On Sun, Jul 3, 2022 at 12:48 AM Bart Van Assche <bvanassche@acm.org> wrote:
>
> On 5/18/22 20:07, Luis Chamberlain wrote:
> > I've been promoting the idea that running fstests once is nice,
> > but things get interesting if you try to run fstests multiple
> > times until a failure is found. It turns out at least kdevops has
> > found tests which fail with a failure rate of typically 1/2 to
> > 1/30 average failure rate. That is 1/2 means a failure can happen
> > 50% of the time, whereas 1/30 means it takes 30 runs to find the
> > failure.
> >
> > I have tried my best to annotate failure rates when I know what
> > they might be on the test expunge list, as an example:
> >
> > workflows/fstests/expunges/5.17.0-rc7/xfs/unassigned/xfs_reflink.txt:generic/530 # failure rate about 1/15 https://gist.github.com/mcgrof/4129074db592c170e6bf748aa11d783d
> >
> > The term "failure rate 1/15" is 16 characters long, so I'd like
> > to propose to standardize a way to represent this. How about
> >
> > generic/530 # F:1/15
> >
> > Then we could extend the definition. F being current estimate, and this
> > can be just how long it took to find the first failure. A more valuable
> > figure would be failure rate avarage, so running the test multiple
> > times, say 10, to see what the failure rate is and then averaging the
> > failure out. So this could be a more accurate representation. For this
> > how about:
> >
> > generic/530 # FA:1/15
> >
> > This would mean on average there failure rate has been found to be about
> > 1/15, and this was determined based on 10 runs.
> >
> > We should also go extend check for fstests/blktests to run a test
> > until a failure is found and report back the number of successes.
> >
> > Thoughts?
> >
> > Note: yes failure rates lower than 1/100 do exist but they are rare
> > creatures. I love them though as my experience shows so far that they
> > uncover hidden bones in the closet, and they they make take months and
> > a lot of eyeballs to resolve.
>
> I strongly disagree with annotating tests with failure rates. My opinion
> is that on a given test setup a test either should pass 100% of the time
> or fail 100% of the time. If a test passes in one run and fails in
> another run that either indicates a bug in the test or a bug in the
> software that is being tested. Examples of behaviors that can cause
> tests to behave unpredictably are use-after-free bugs and race
> conditions. How likely it is to trigger such behavior depends on a
> number of factors. This could even depend on external factors like which
> network packets are received from other systems. I do not expect that
> flaky tests have an exact failure rate. Hence my opinion that flaky
> tests are not useful and also that it is not useful to annotate flaky
> tests with a failure rate. If a test is flaky I think that the root
> cause of the flakiness must be determined and fixed.
>

That is true for some use cases, but unfortunately, the flaky
fstests are way too valuable and too hard to replace or improve,
so practically, fs developers have to run them, but not everyone does.
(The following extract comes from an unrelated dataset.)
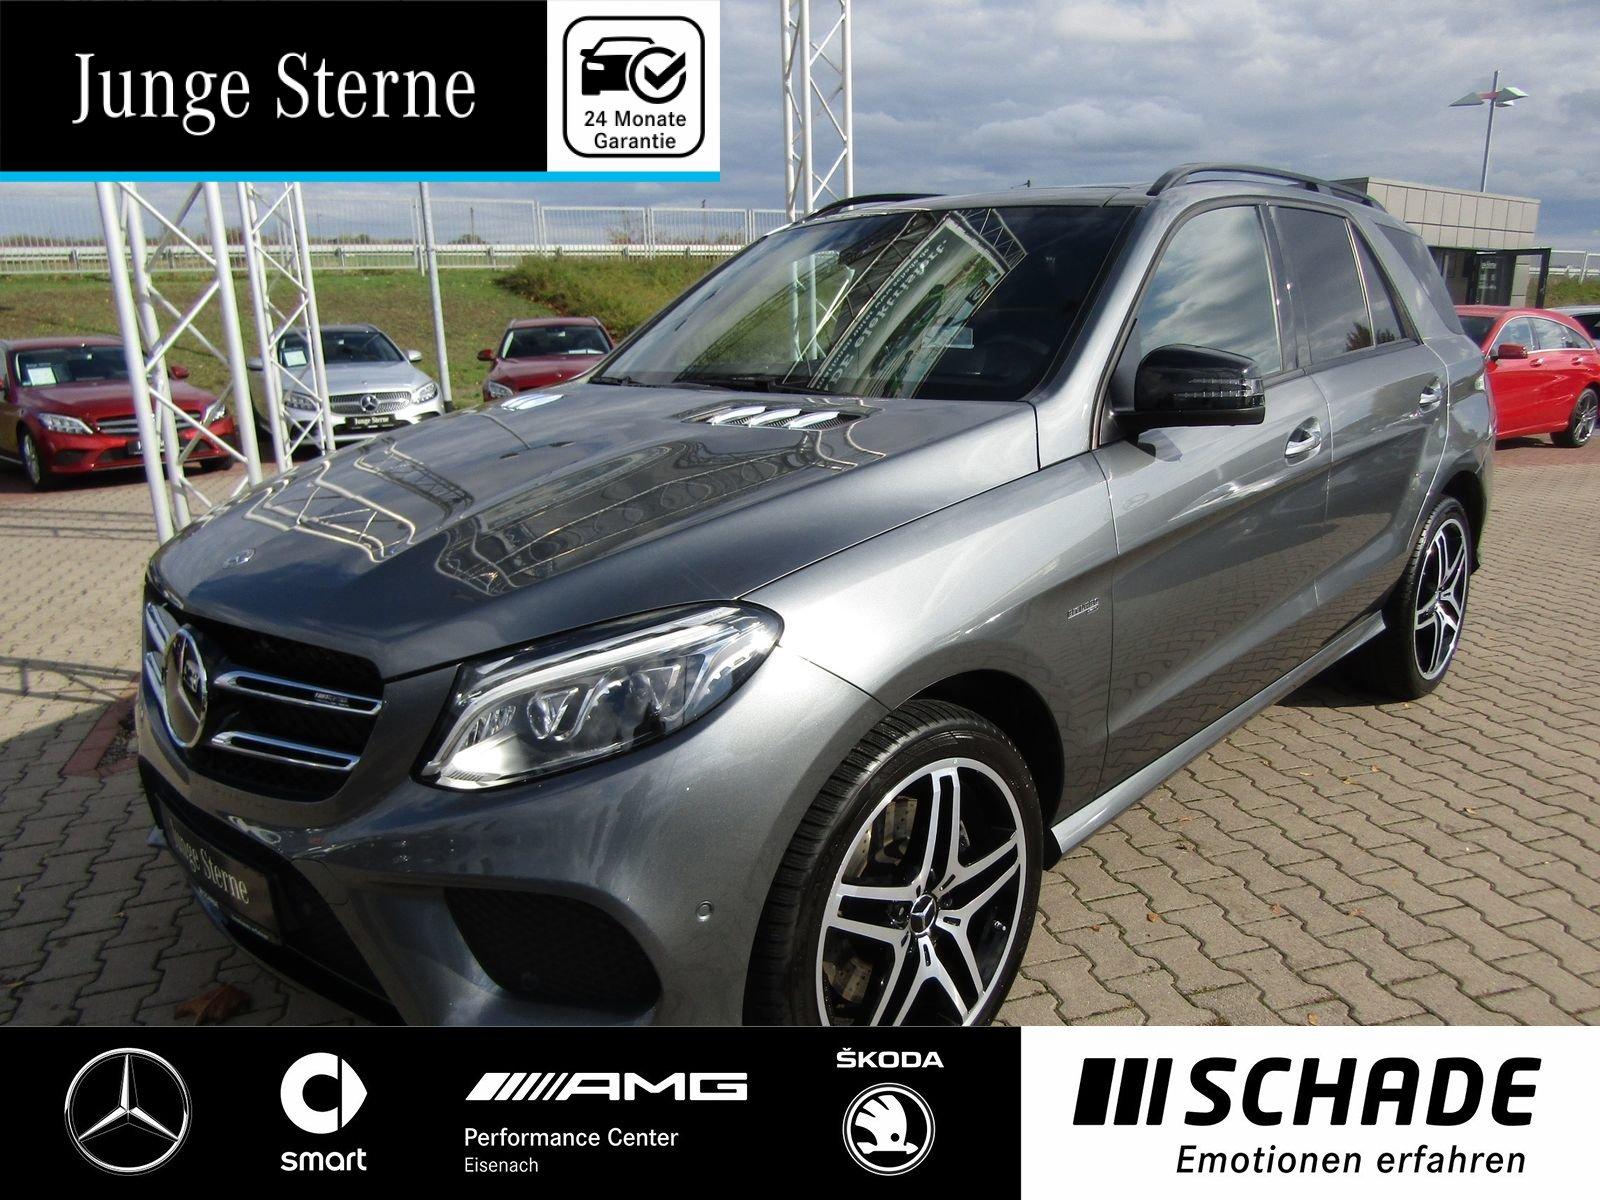 Mercedes-Benz GLE 43 AMG 4M Comand*Distronic*Night*Panorama*, Jahr 2017, petrol

Zorro has already proposed to properly tag the non deterministic tests
with a specific group and I think there is really no other solution.

The only question is whether we remove them from the 'auto' group
(I think we should).

There is probably a large overlap already between the 'stress' 'soak' and
'fuzzers' test groups and the non-deterministic tests.
Moreover, if the test is not a stress/fuzzer test and it is not deterministic
then the test is likely buggy.

There is only one 'stress' test not in 'auto' group (generic/019), only two
'soak' tests not in the 'auto' group (generic/52{1,2}).
There are only three tests in 'soak' group and they are also exactly
the same three tests in the 'long_rw' group.

So instead of thinking up a new 'flaky' 'random' 'stochastic' name
we may just repurpose the 'soak' group for this matter and start
moving known flaky tests from 'auto' to 'soak'.

generic/52{1,2} can be removed from 'soak' group and remain
in 'long_rw' group, unless filesystem developers would like to
add those to the stochastic test run.

filesystem developers that will run ./check -g auto -g soak
will get the exact same test coverage as today's -g auto
and the "commoners" that run ./check -g auto will enjoy blissful
determitic test results, at least for the default config of regularly
tested filesystems (a.k.a, the ones tested by kernet test bot).?

Darrick,

As the one who created the 'soak' group and only one that added
tests to it, what do you think about this proposal?
What do you think should be done with generic/52{1,2}?

Thanks,
Amir.